- [DATA]
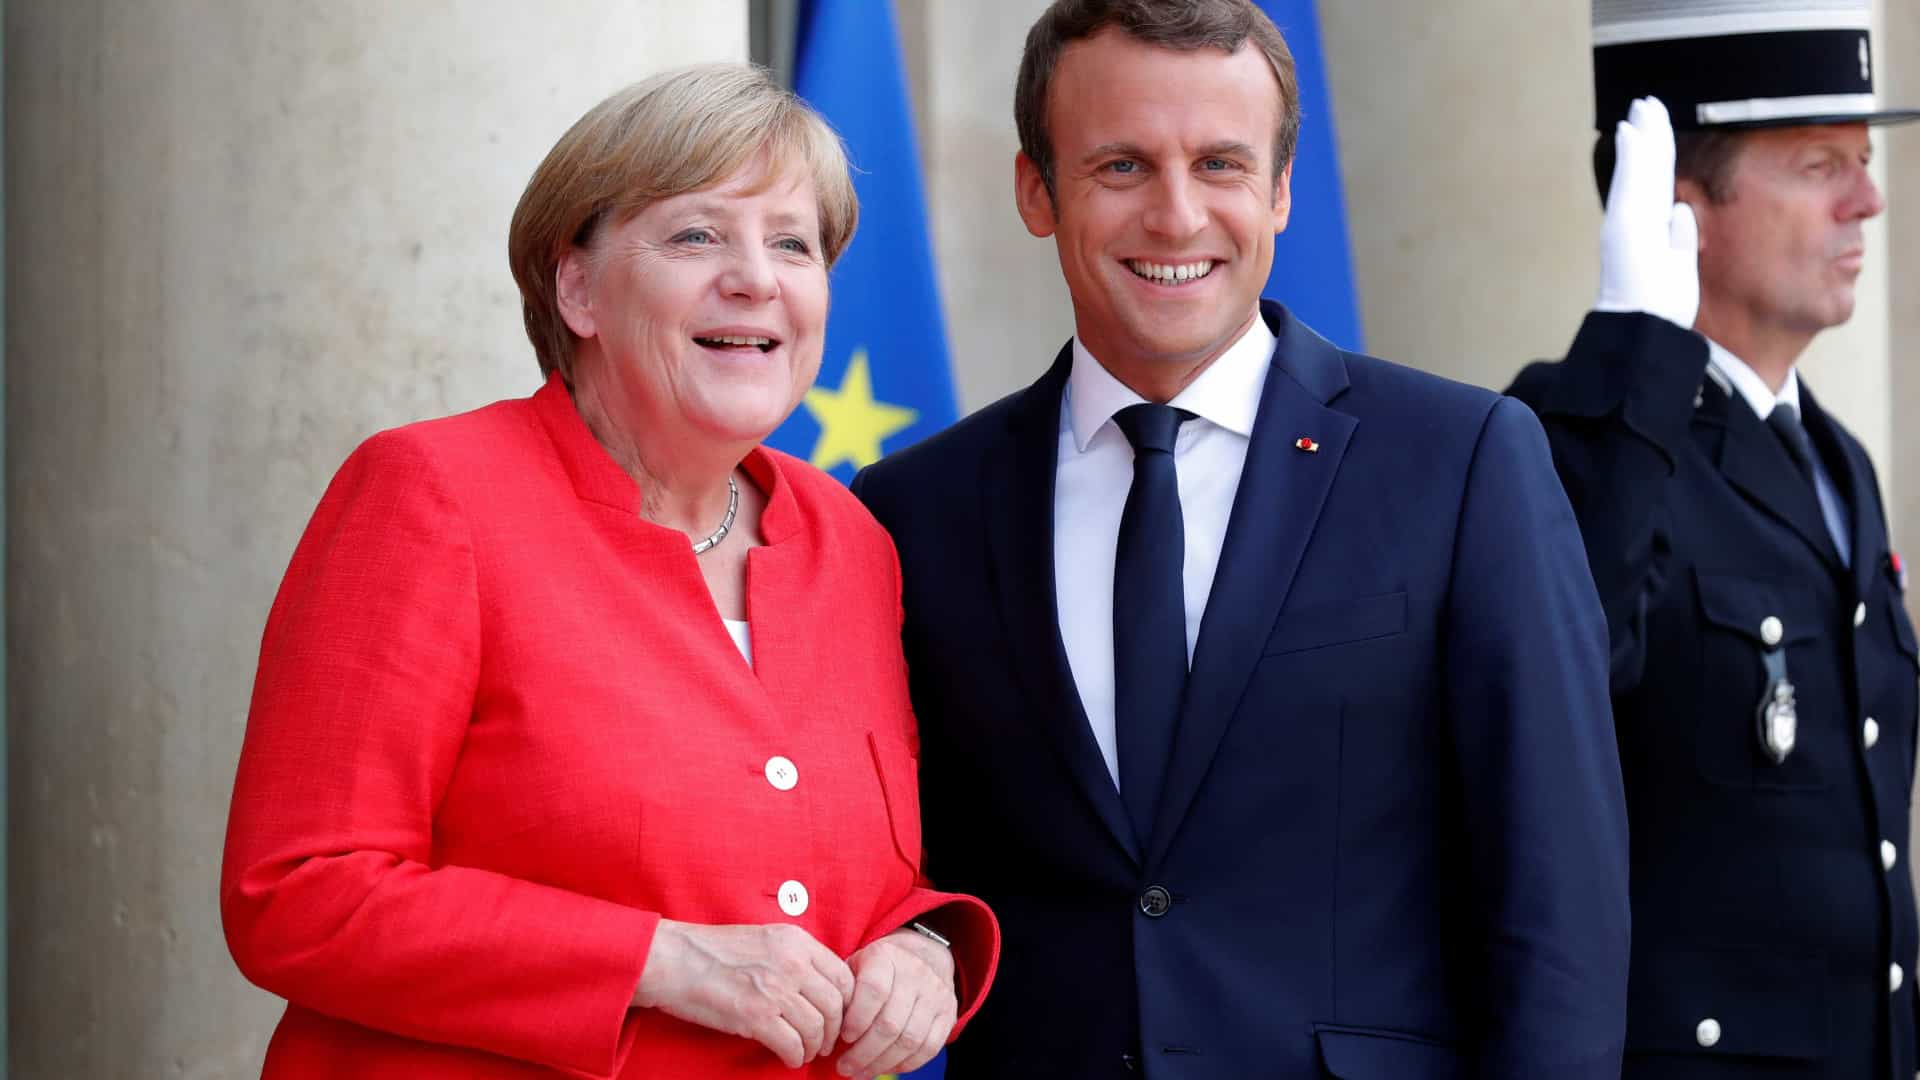 Histórico encontro entre Macron e Merkel no lugar do Armistício de 1918
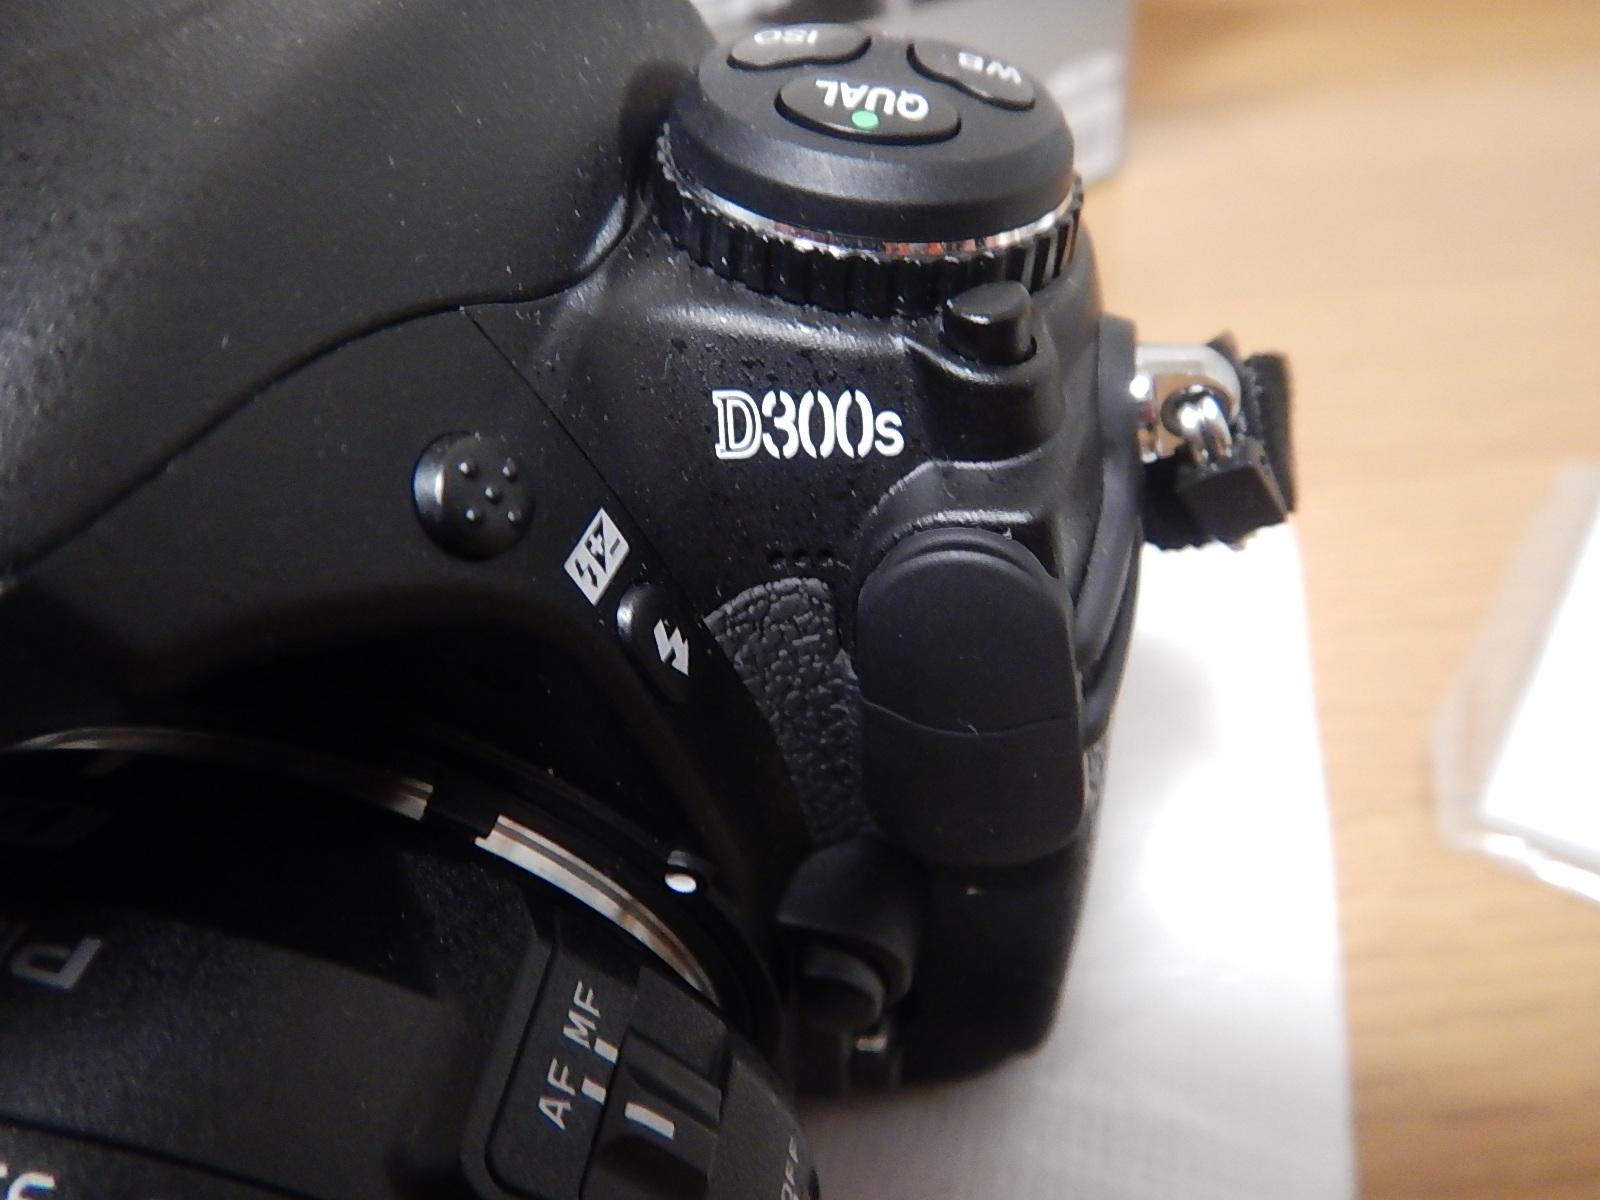 中古品という選択 Nikon D300S
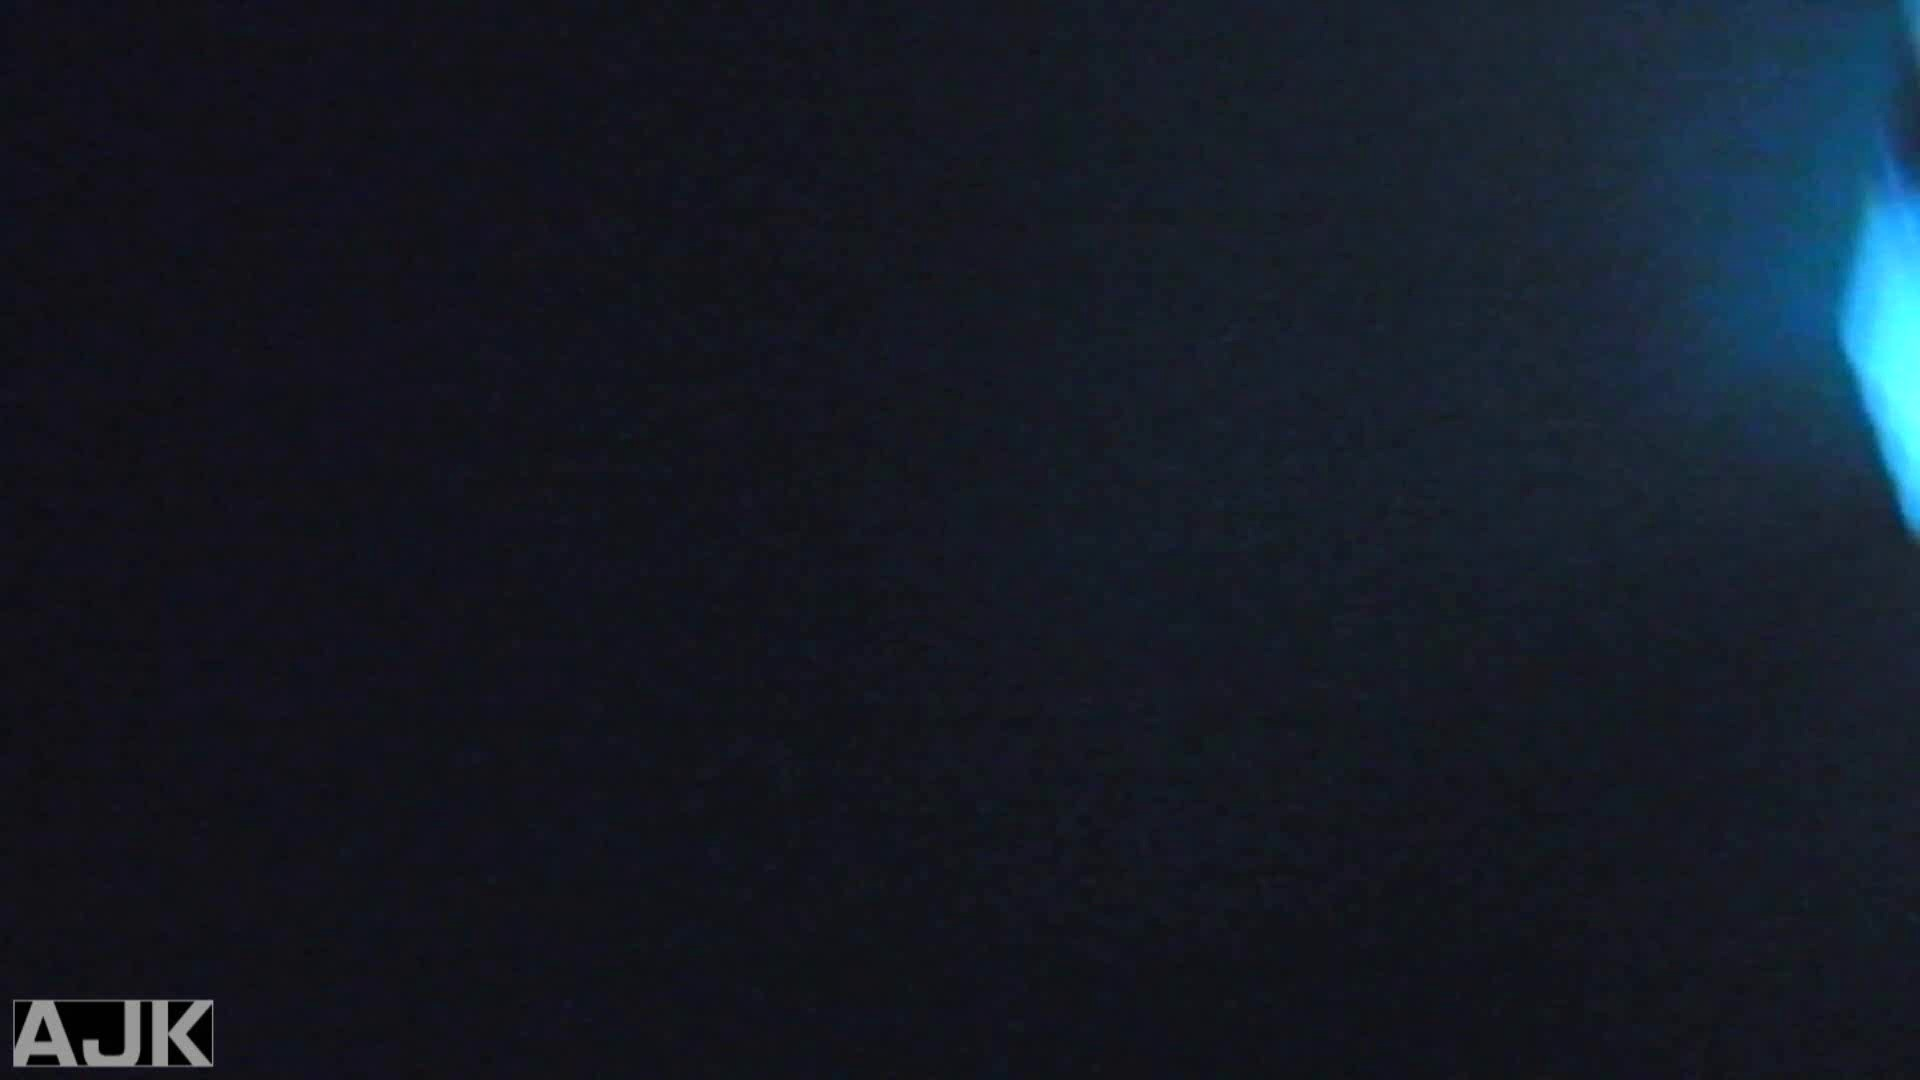 神降臨!史上最強の潜入かわや! vol.22 潜入  112PIX 18

- [INSTRUCTIONS FOR THE TASK]
A verbatim copy of the data, pictures removed, is the expected result.

- [COMPLETED EXERCISE]
 Histórico encontro entre Macron e Merkel no lugar do Armistício de 1918
 中古品という選択 Nikon D300S
 神降臨!史上最強の潜入かわや! vol.22 潜入  112PIX 18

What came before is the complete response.